*WORK TO BE COMPLETED:* Exact transcription of the data below is required, without the images.

*RAW DATA:*
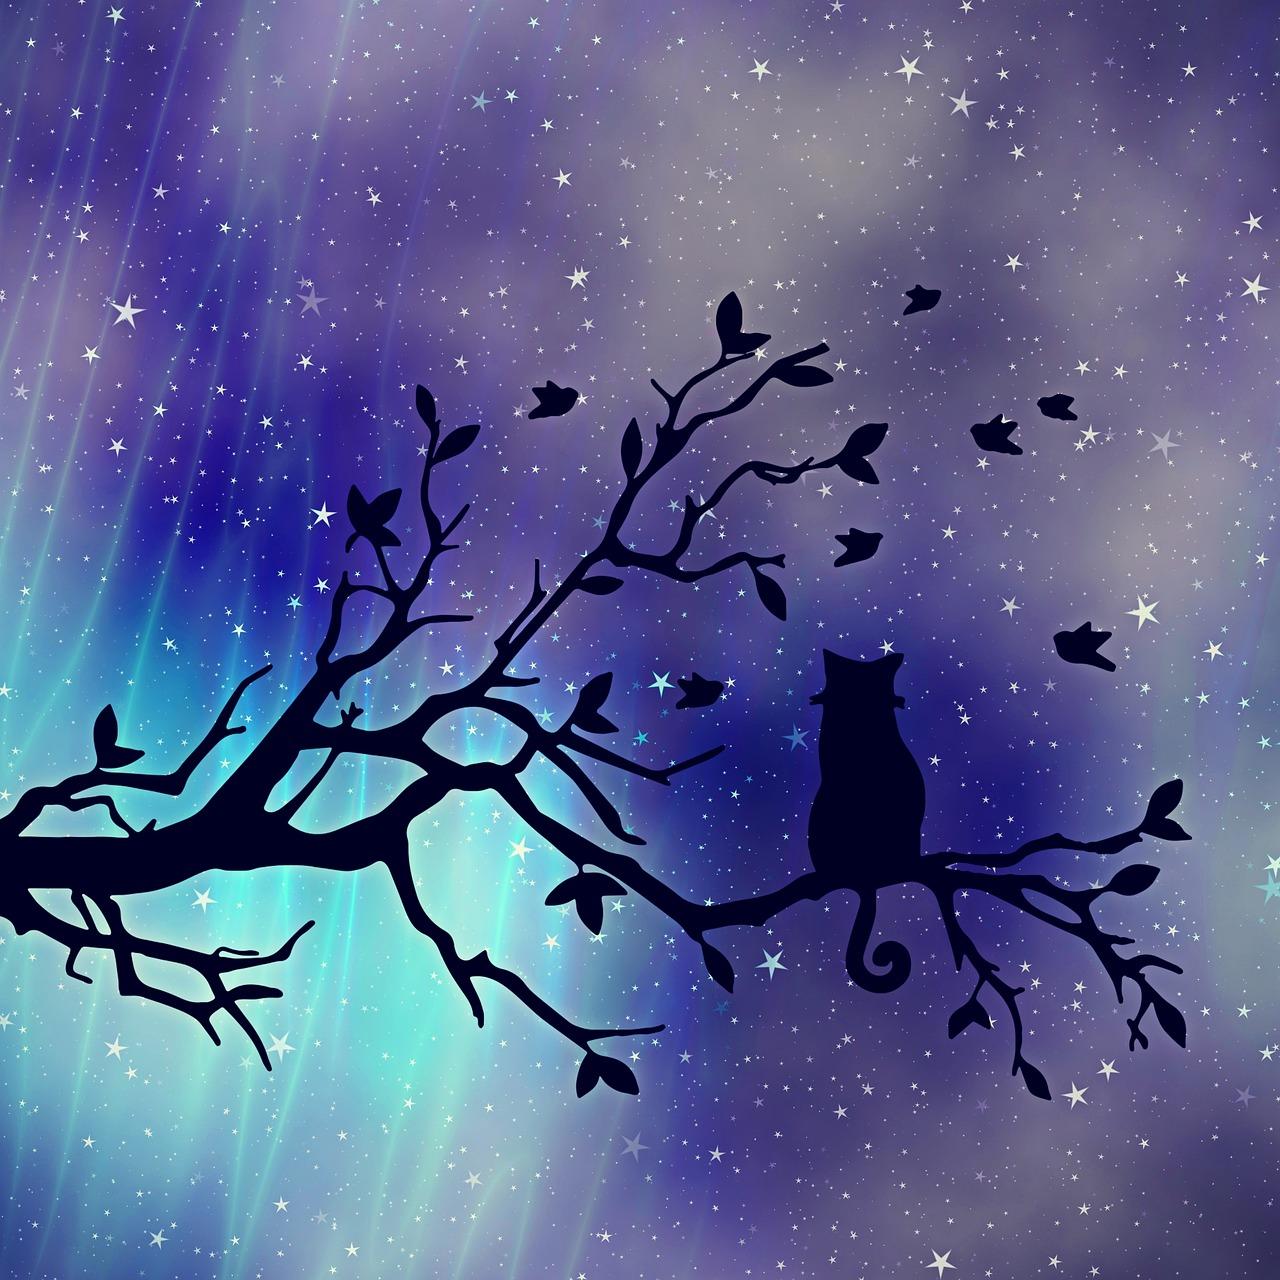 Many Starry Nights
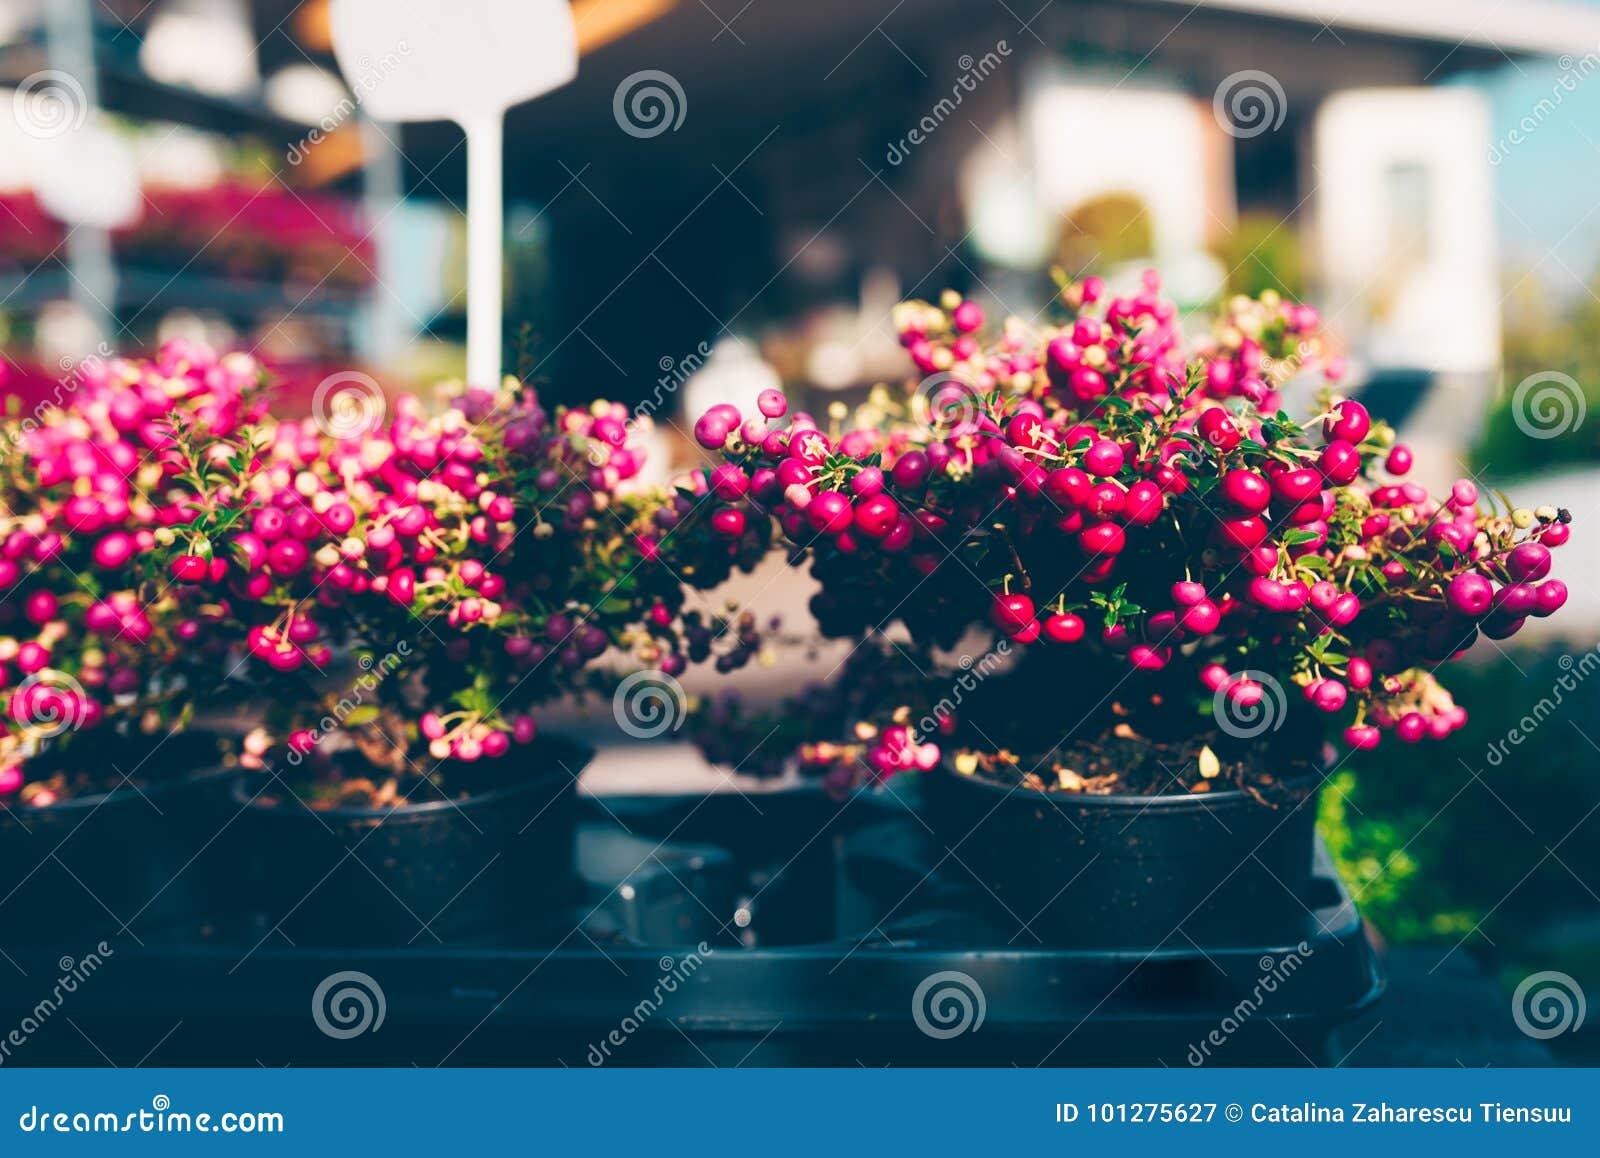 Christmas Ornamental Plant Called Prickly Heath Stock Image Image
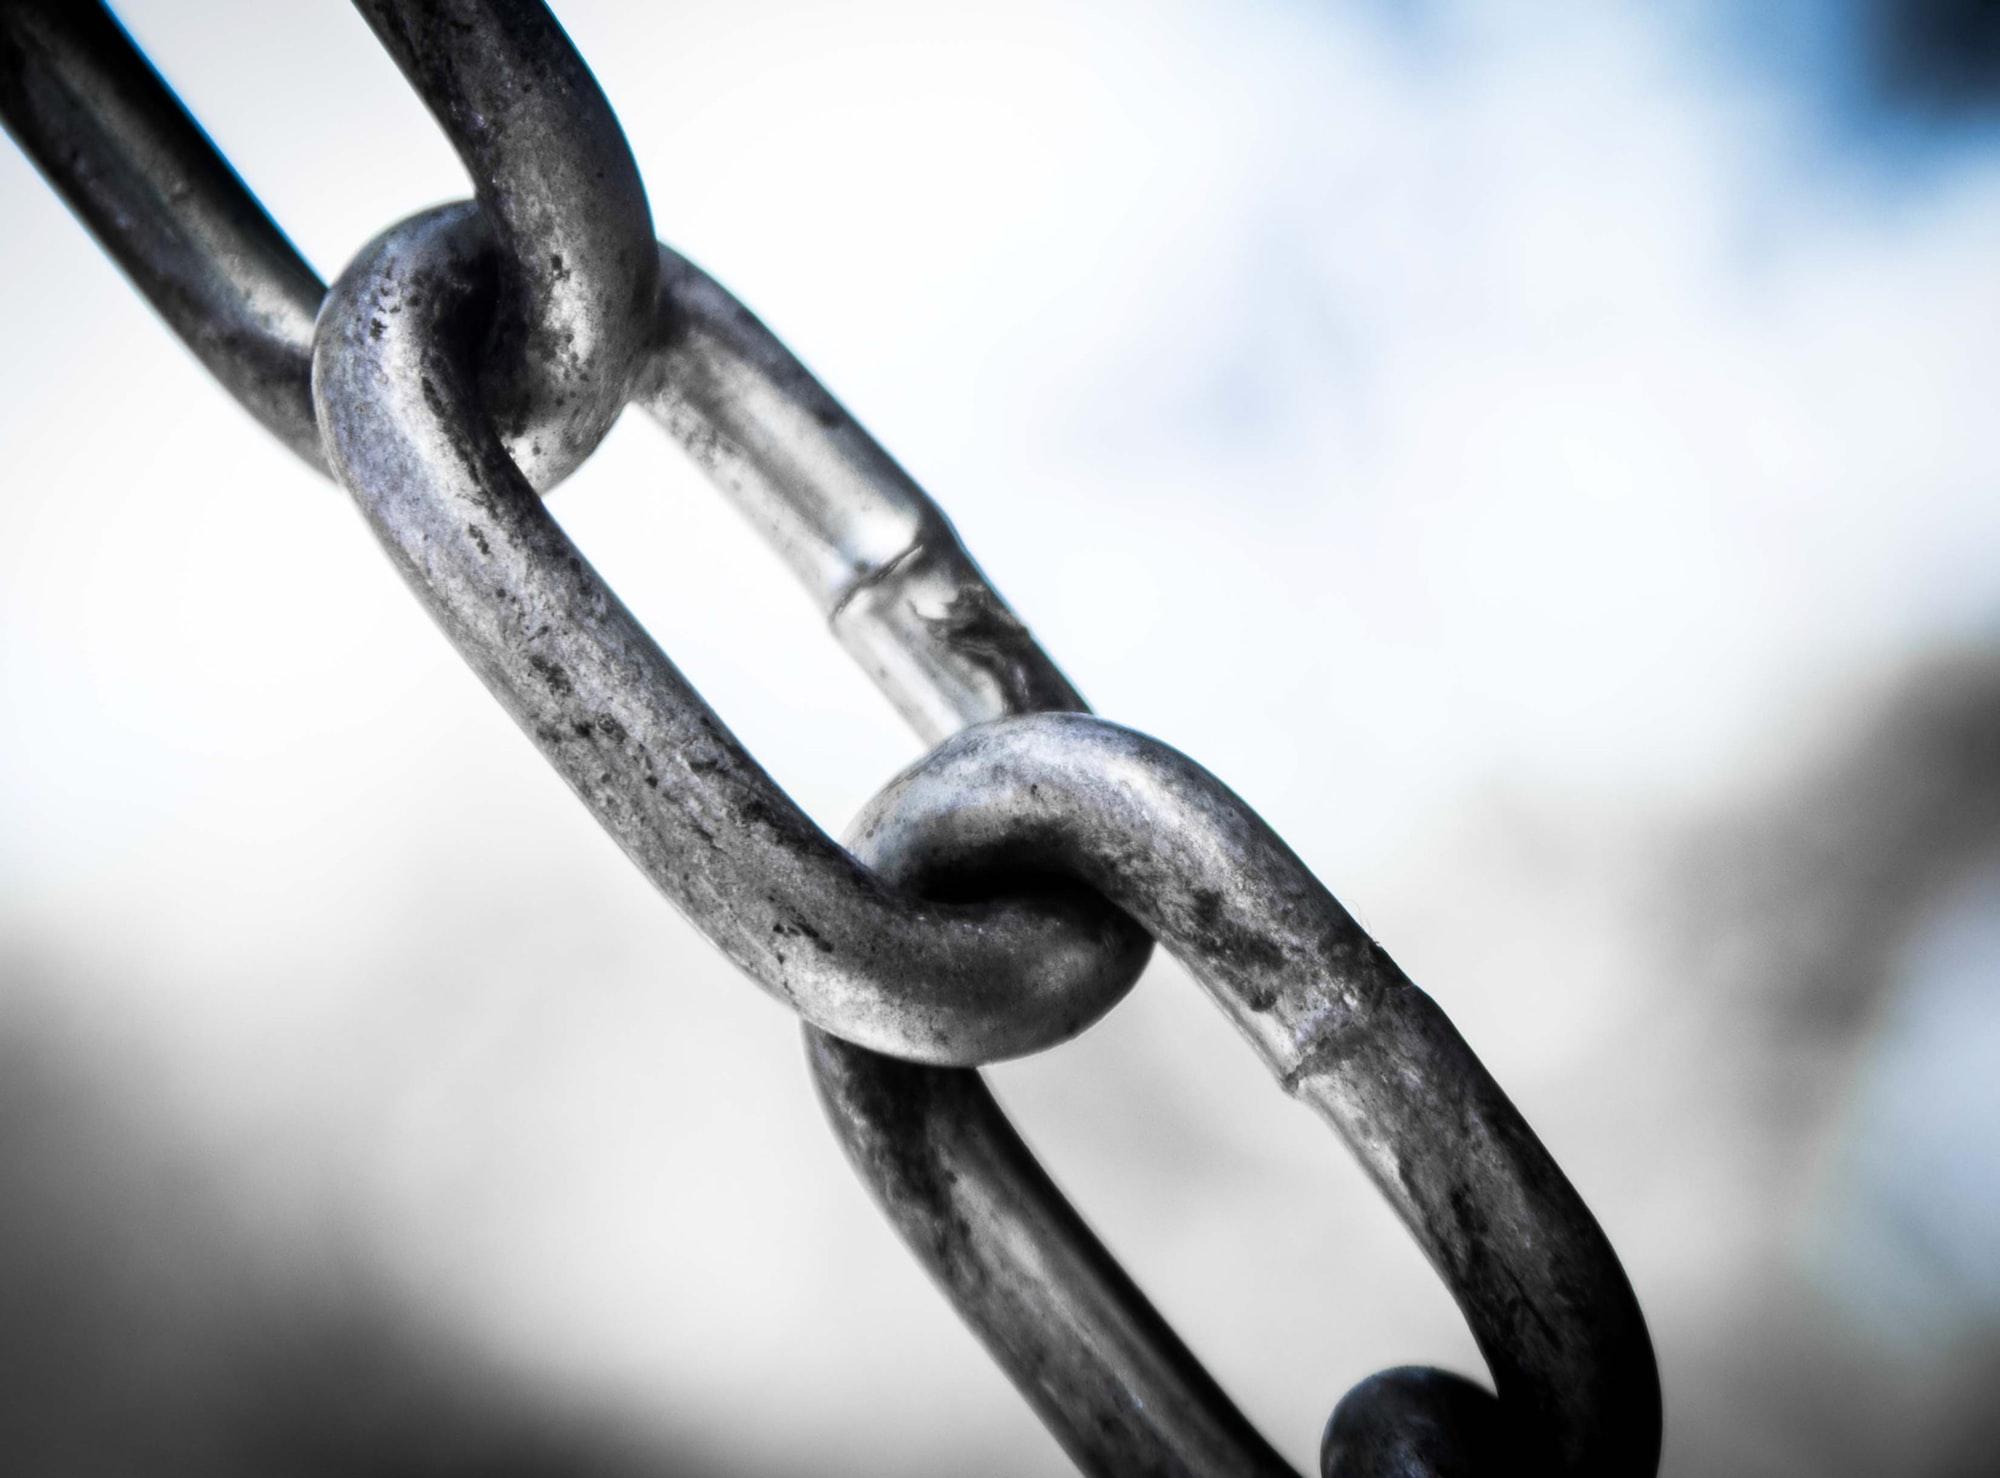 Chaining commands/methods in Typescript

*EXERCISE ANSWER:*
 Many Starry Nights
 Christmas Ornamental Plant Called Prickly Heath Stock Image Image
 Chaining commands/methods in Typescript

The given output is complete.